Sirolimus and Auranofin in Treating Patients With Advanced or Recurrent Non-Small Cell Lung Cancer or Small Cell Lung Cancer
This phase I / II trial studies the side effects and best dose of auranofin when given together with sirolimus and to see how well it works in treating patients with lung cancer that has spread or other places in the body and cannot be cured or controlled by treatment or has come back after a period of time during which the cancer could not be detected. Auranofin and sirolimus may stop or slow the growth of lung cancer.
- Histologic or cytologic confirmation of lung cancer (squamous, ras-mutated adenocarcinoma or small cell lung cancer)
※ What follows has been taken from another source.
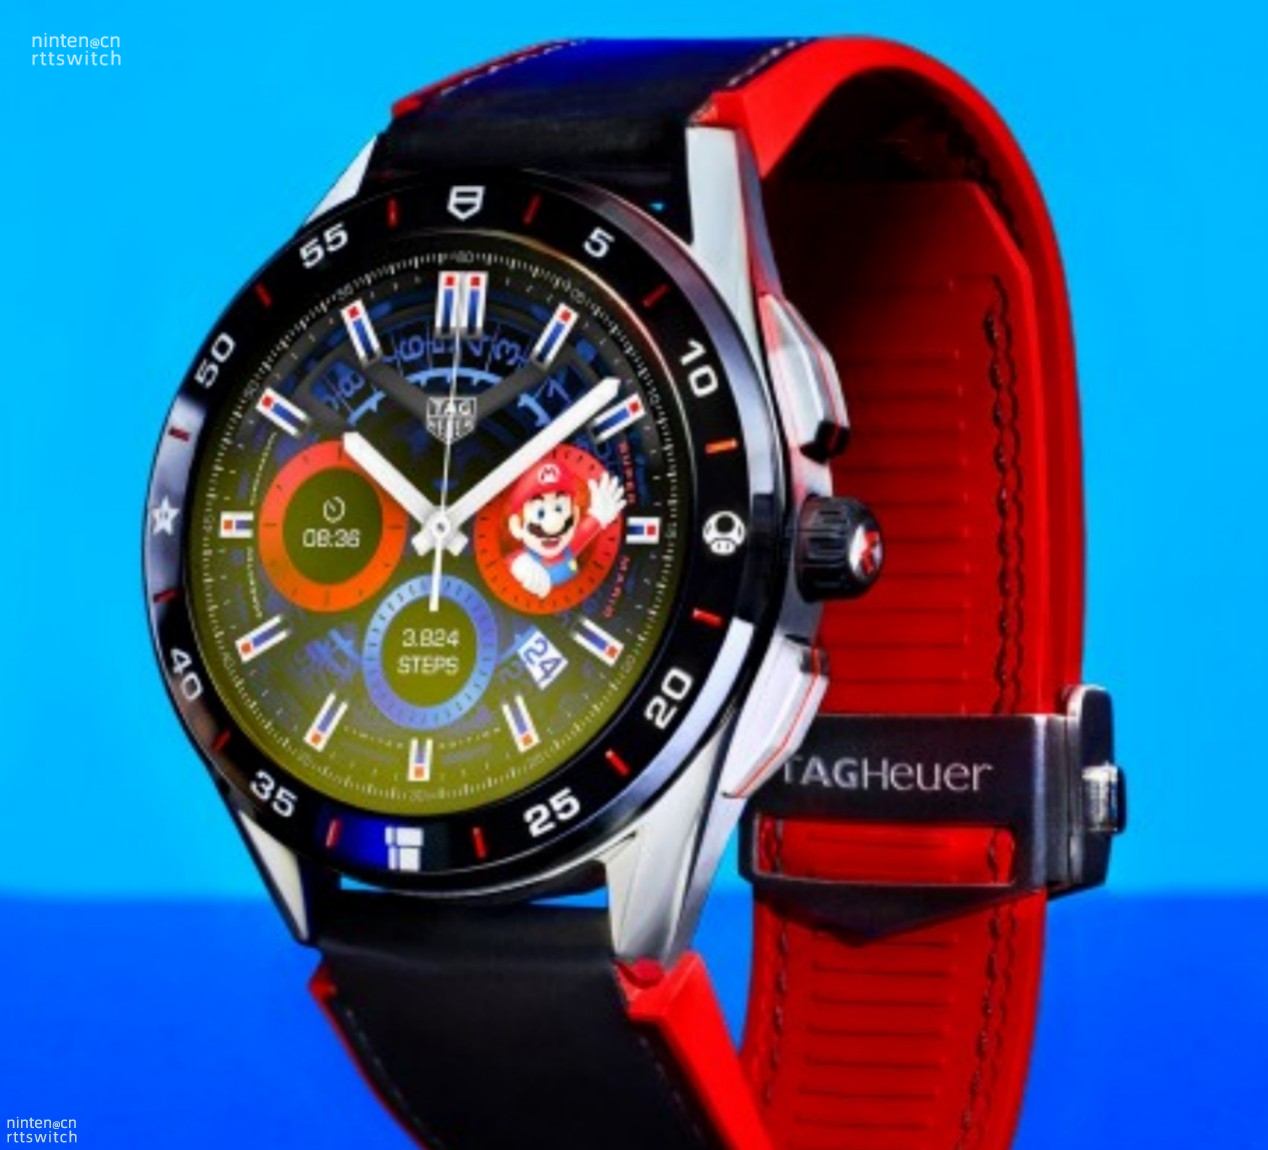 泰格豪雅推出马里奥联动主题款运动手表

- Patients must have received at least one course of chemotherapy consisting of a platinum doublet and must have no acceptable standard treatment options
- Prior radiation therapy is permitted as long as: * Recovered from the toxic effects of radiation treatment before study entry, except for alopecia
- Absolute neutrophil count (ANC) >= 1500 uL
- Platelets (PLT) >= 100,000 uL
- Hemoglobin (Hgb) >= 9 g/dL
- Total bilirubin =< 1.5 x upper limit of normal (ULN) or direct bilirubin =< ULN
- Serum glutamic oxaloacetic transaminase (SGOT) (aspartate aminotransferase [AST]) and serum glutamic pyruvic transaminase (SGPT) (alanine aminotransferase [ALT]) =< 3 x ULN or SGOT (AST) and SGPT (ALT) =< 5 x ULN is acceptable if liver has tumor involvement
- Eastern Cooperative Oncology Group (ECOG) performance status (PS) 0, 1, 2
- Negative serum pregnancy test done =< 7 days prior to registration, for women of childbearing potential only
- Ability to provide informed consent
- Life expectancy >= 12 weeks
- Willing to return to Mayo Clinic enrolling institution for follow-up
- Willing to provide tissue samples for correlative research purposes
- Any of the following: * Pregnant women * Nursing women * Men or women of childbearing potential who are unwilling to employ adequate contraception
- Symptomatic, untreated, or uncontrolled central nervous system (CNS) metastases or seizure disorder; NOTE: patients with treated CNS metastases without evidence of progression and without uncontrolled symptoms or need for steroids may enroll
- Human immunodeficiency virus (HIV)-positive patients receiving combination anti-retroviral therapy are excluded
- Unwilling or unable to, comply with the protocol
- Any of the following prior therapies: * Radiation to >= 25% of bone marrow * Major surgery (i.e., laparotomy), open biopsy, or significant traumatic injury =< 4 weeks prior to registration; minor surgery =< 2 weeks prior to registration; insertion of a vascular access device is not considered major or minor surgery in this regard
- Any of the following concurrent severe and/or uncontrolled medical conditions: * Hypertension, labile hypertension, or history of poor compliance with antihypertensive medication * Angina pectoris * History of congestive heart failure =< 3 months, unless ejection fraction > 40% * Myocardial infarction =< 6 months prior to registration * Cardiac arrhythmia * Poorly controlled diabetes * Interstitial pneumonia or extensive and symptomatic interstitial fibrosis of the lung * Active or recent history of hemoptysis; if hemoptysis has resolved with measures such as palliative radiation therapy (e.g. 3000 cGy over 10 fractions), arteriographic embolization or endobronchial interventions (e.g. photodynamic therapy, brachytherapy), etc. for > 14 days, patients may be considered for participation in this study * >= Grade 2 hypertriglyceridemia * >= Grade 2 hypercholesterolemia * Any illness that in the opinion of the investigator would compromise the ability of the patient to participate safely in the clinical trial
- Use of St. John’s Wort because of its effects on hepatic drug metabolism
- Other active malignancy: EXCEPTIONS: Non-melanoma skin cancer, localized prostate cancer, or carcinoma-in-situ of the cervix; NOTE: If there is a history or prior malignancy, patient must not be receiving other cytotoxic or molecularly targeted therapeutics treatment for their cancer; patients receiving certain hormonal manipulations as part of their treatment may be allowed to continue at the discretion of the Principal Investigator (PI) (e.g. luteinizing hormone-releasing hormone [LHRH] analogs for prostate cancer)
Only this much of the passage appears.